Server-side header bidding implies that the publisher's ad server sends ad requests to an SSP by itself. The page load speed may improve by 40% on average. However, most publishers experience declining profits. Server-side header bidding lacks control, transparency, and complicates user identification, as most data about an RTB auction is hidden within a server.
Client-side header bidding offers better access to data, ensures more precise cookie matching, and is recognized as an industry standard. So it's hard to say which one is clearly winning here. That's the battle between latency and transparency, and everyone in ad tech has their own priority.

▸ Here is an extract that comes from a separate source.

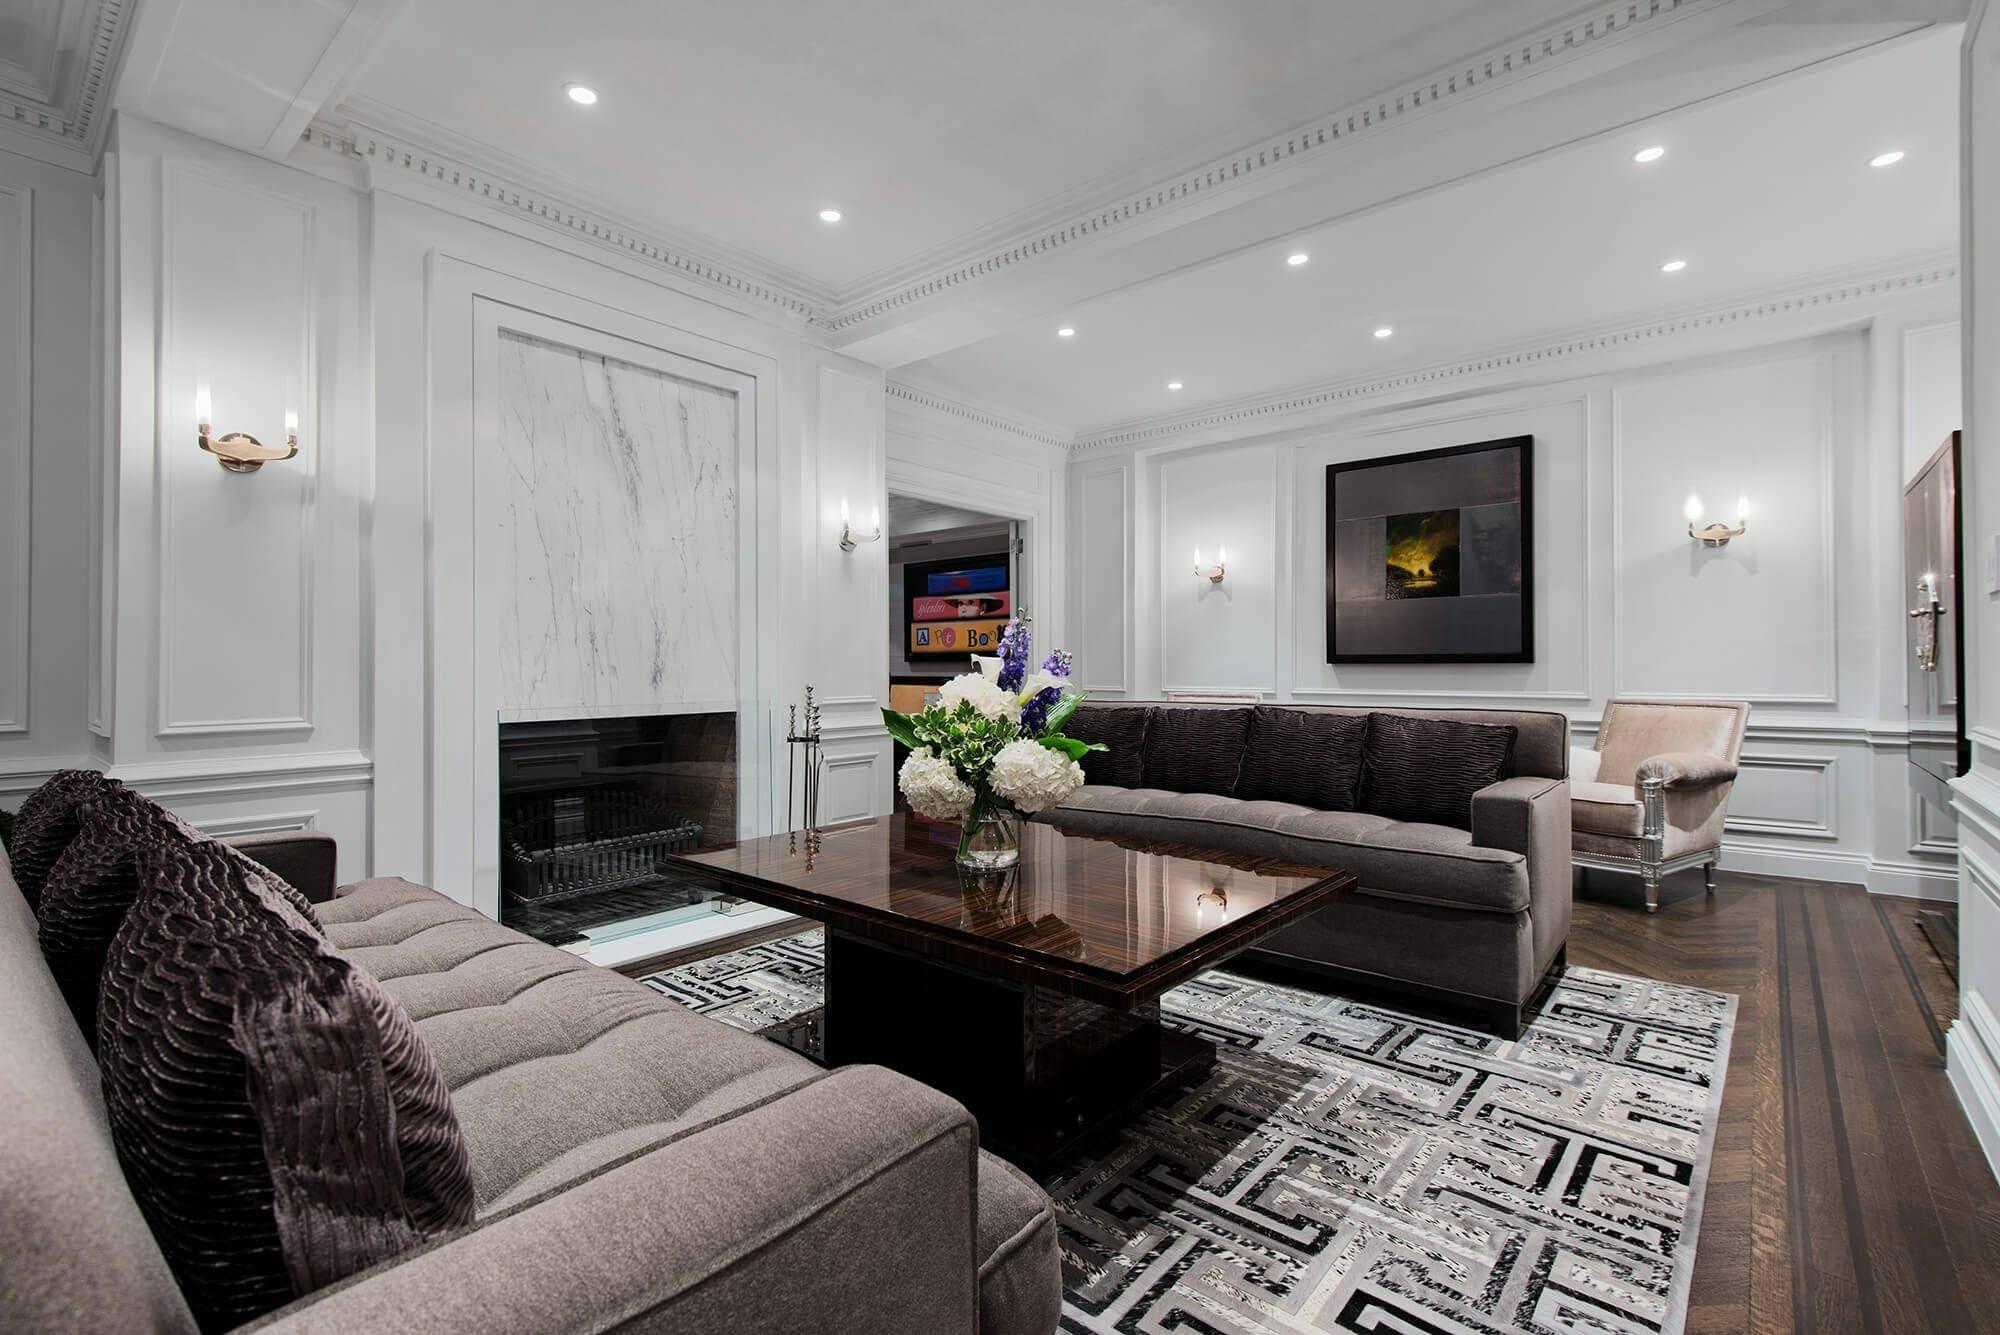 Luxury transitional sitting room by top miami interior designer britto charette

Conclusion: Header Bidding vs Waterfall Comparison Table
Feature | Waterfalling | Header Bidding |
---|---|---|
Automation | Lack of automation, constantly needs manual adjustment. | Needs only one manual action, then becomes automatic. |
Core Element | Standard Ad Tag | Header Tag |
Winning Bid | First bid that meets price floor | The highest bid |
Priority | Advertisers are prioritized in a specific order. | No priority, all advertisers are equal. |
Process | Sequential | Real-time |
Latency | High | Still persists, yet eliminated in server-side header bidding |
Fill Rates | Low to Medium | High |
Revenue | Lower than could be | Optimized |
Optimization | Manual | Automatic |
Competition | Low | High |
CPM | Doesn't matter much, what matters is priority. | Matters a lot, the higher the better. |
Header bidding is a new standard of programmatic ad serving, while waterfall is becoming more and more obscure. Still, it doesn't mean that waterfalling will irrevocably fade into oblivion. Some of the publishers that prefer direct deals will likely use it as a way to prioritize their direct deals. Overall, though, you should take a closer look at header bidding if you haven't implemented it yet.